Purpose: We have shown previously that the 88 kDa glycoprotein PC cell-derived growth factor (PCDGF/GP88) is expressed and acts as an autocrine growth factor in human multiple myeloma cells. The present study investigates whether PCDGF/GP88 expression in multiple myeloma cells leads to the development of resistance to dexamethasone, a conventional drug for multiple myeloma patients.
Experimental design: PCDGF functions and signaling pathways in dexamethasone-induced apoptosis were studied using a representative dexamethasone-sensitive multiple myeloma cell line ARP-1. The effect of PCDGF/GP88 was further confirmed in PCDGF/GP88-overexpressed ARP-1 cells.
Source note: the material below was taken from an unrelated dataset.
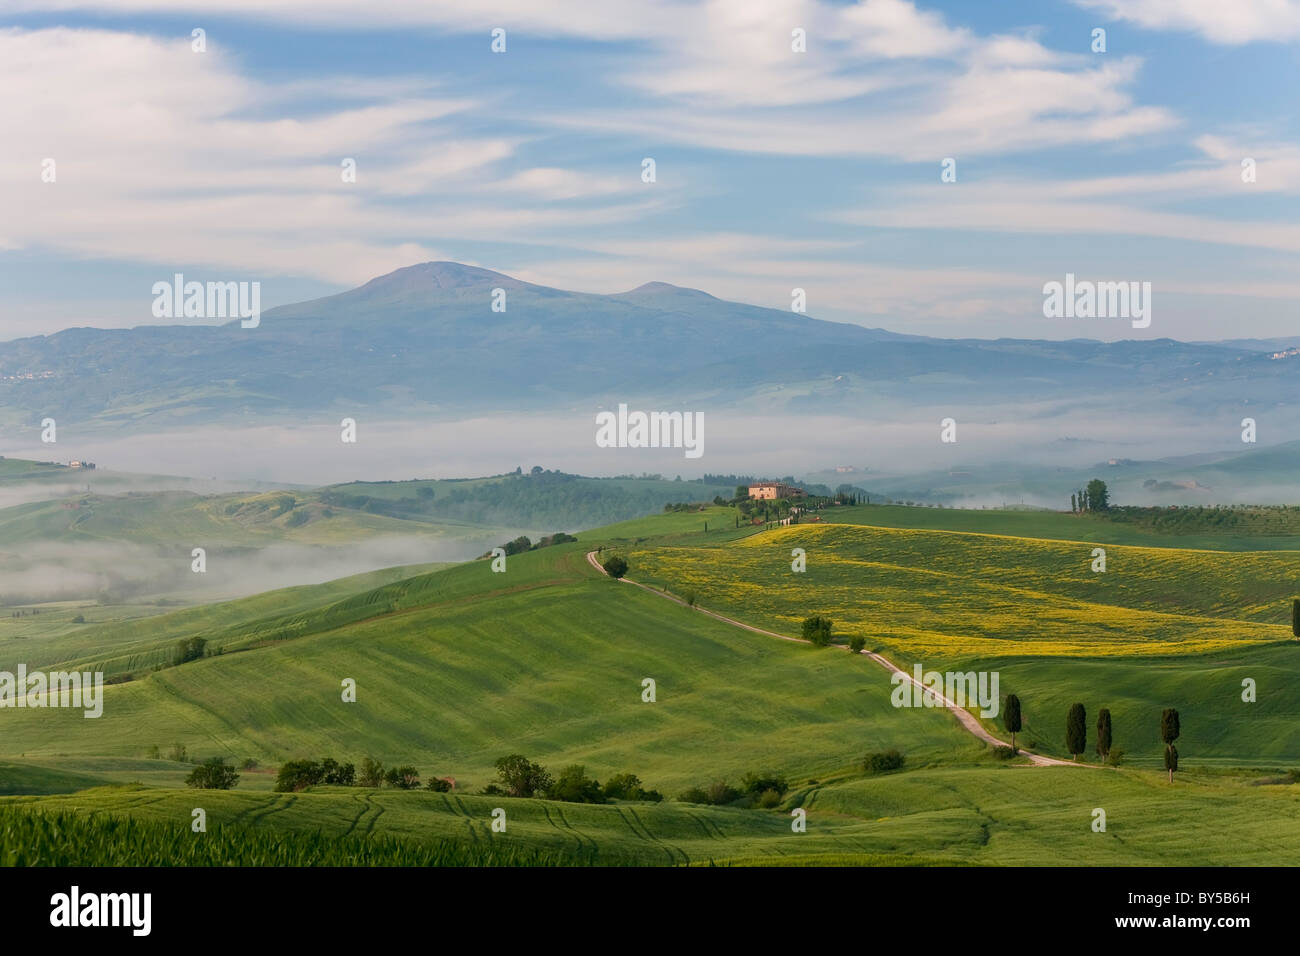 Vía, San Quirico d'Orcia, Val d'Orcia, Toscana, Italia Foto de stock

Results: Dexamethasone inhibits cell growth and induces apoptosis in a time- and dose-dependent fashion. Exogenous addition of PCDGF/GP88 to the ARP-1 cells prevented dexamethasone-induced apoptosis as examined by flow cytometry analysis and poly(ADP-ribose)polymerase cleavage assay. Signaling studies showed that mitogen-activated protein kinase, phosphatidylinositol 3-kinase, and nuclear factor-kappaB were involved in the antiapoptotic effect of PCDGF/GP88. Overexpression of PCDGF/GP88 in ARP-1 cells rendered the cells refractory to dexamethasone-mediated apoptosis, enhanced their ability to form colonies in soft agar, and to form tumors in vivo without any change in glucocorticoid receptor expression and function.
Conclusion: These data suggest that expression of PCDGF/GP88 confers resistance to dexamethasone and increase tumorigenesis of multiple myeloma cells in mouse xenografts. Our data here also raises the possibility of PCDGF/GP88 as a potential therapeutic target for dexamethasone-resistant multiple myeloma.